To enter the forex market, after registering with a broker and selecting the type of account and then charging the account, you can start your activities in the forex market.
What are the important factors for choosing a broker?
Regulation and broker licenses are the most important principle in choosing a broker because your capital is in the hands of the broker and the one you choose must have valid legal licenses. For example, US brokers must obtain a license from the Commodity Futures Trading Commission (CFTC). So, in the first step, licenses and credibility of the broker require careful consideration.

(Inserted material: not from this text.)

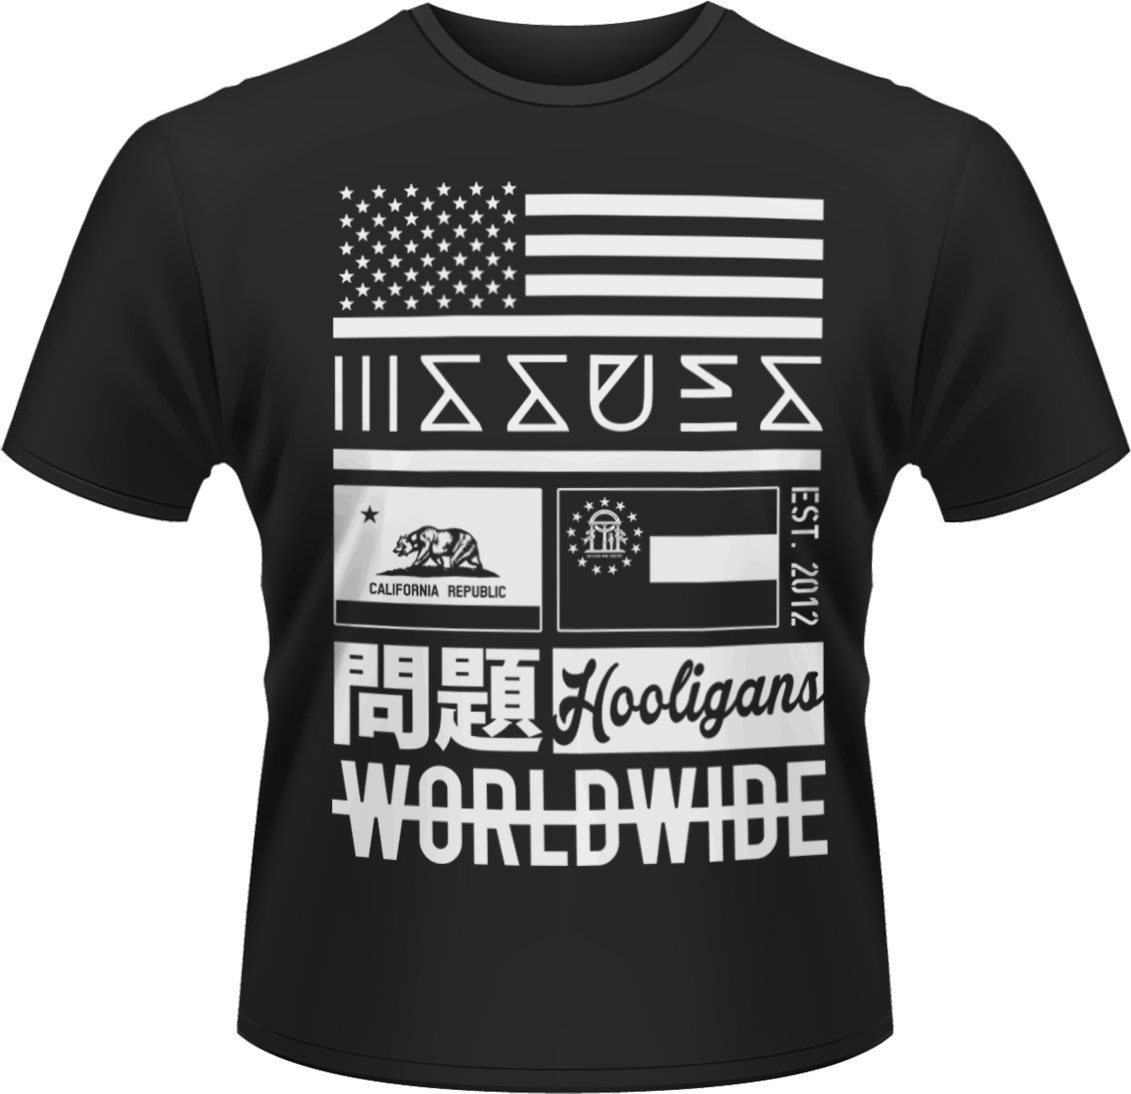 T-Shirt Issues T-Shirt Worldwide Male Black M

The type of accounts and fees you pay for transactions are usually the broker's income from users' commissions and spreads. The amount of commission you pay to the broker has a significant impact on your profit or loss, and it is recommended that you work with brokers that have the minimum commission and spreads, although most brokers that provide services to Iranians receive higher fees than well-known brokers in the world.
Broker support - A good broker should have online and available support to quickly resolve your issues.
Deposit and Withdrawal
The discussion of deposit and withdrawal in a broker is very important, and it is better to use brokers that have diversity in deposit and withdrawal methods.
Also, the speed of withdrawal transactions from the broker is important, and withdrawal from the account should not take more than one business day.